Why Now with Private Funding

The model Honda is seeking has precedents in the current WEC. Cadillac operates with Hertz Team JOTA, where the private British team covers operational costs with technical support from General Motors. Aston Martin has a similar structure with The Heart of Racing and Multimatic for its Valkyrie program. Honda would provide technical support without assuming full operational costs.

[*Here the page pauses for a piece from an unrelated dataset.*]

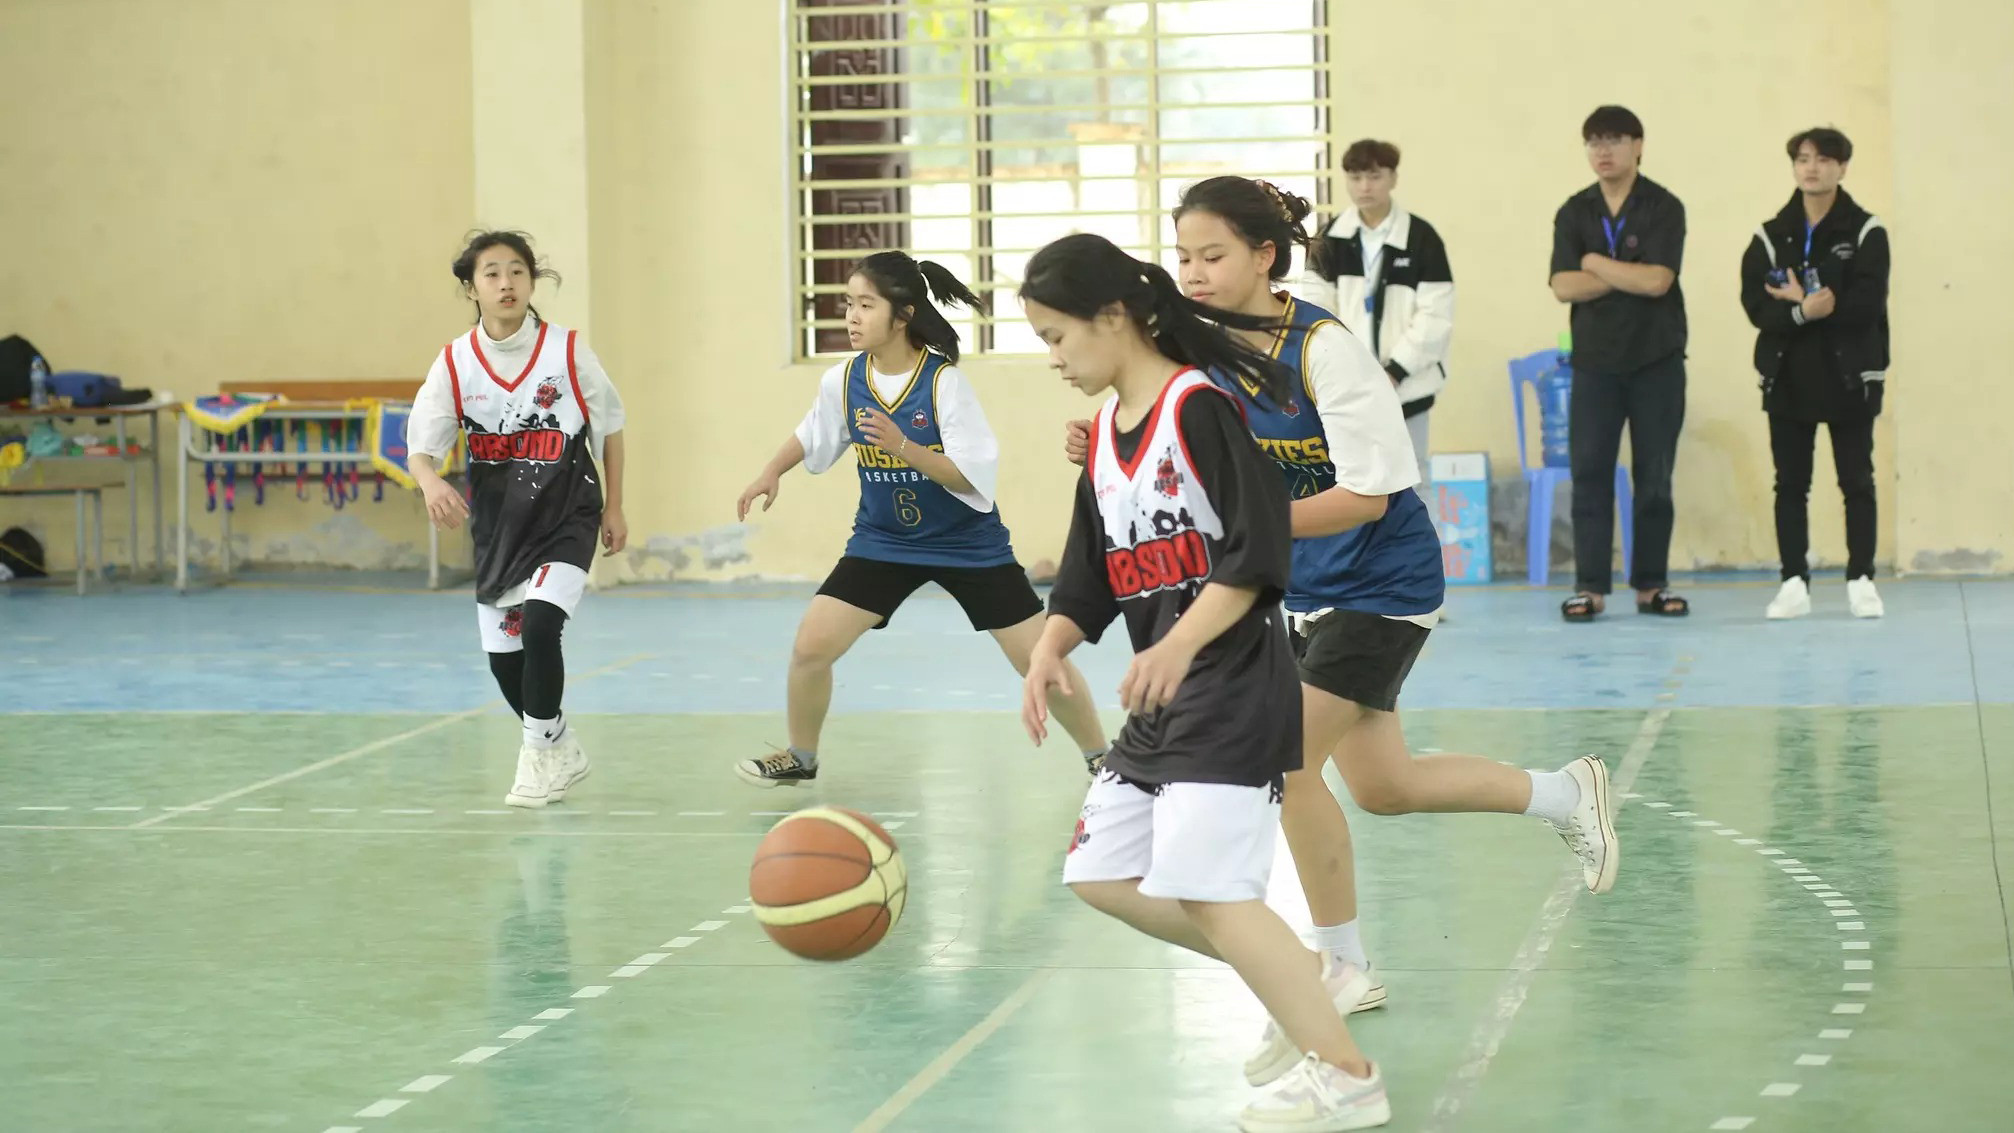 bna_Một buổi tập luyện bóng rổ của các học sinh Trường THPT Cửa Lò.jpg

Inter Europol Competition would cover most of the budget according to reports, and the Polish team has the credentials to back it up: it won Le Mans 2023 in LMP2 after competing in WEC between 2021-2023, and in 2024 it clinched the LMP2 drivers' and teams' championships in IMSA. This year it operates two cars in ELMS and a full program in IMSA, where at Daytona it finished second and third with the #43 and #343. The team provides European infrastructure and Le Mans experience that Honda needs to operate in the world championship.

Honda vs Acura

If the program is confirmed, it would use the Honda name instead of Acura because the luxury division was created for the North American market and concentrates its commercial activity in that region, which would mean racing at Le Mans and in WEC under that name would have limited commercial impact compared to using the globally recognized Honda brand. The same ARX-06 would change badges but would technically be identical to the car that races in IMSA, as it only requires homologation for WEC and the HRC twin-turbo V6 engines with the Bosch hybrid system are the same.

Eleven Manufacturers in Hypercar

Honda would arrive alongside Ford and McLaren in 2027. The Hypercar category would reach 11 manufacturers: Aston Martin, Toyota, Cadillac, BMW, Alpine, Ferrari, Peugeot, Genesis, Ford, McLaren, and Honda. With two cars per manufacturer, that would mean 22 prototypes in the premier class of the WEC.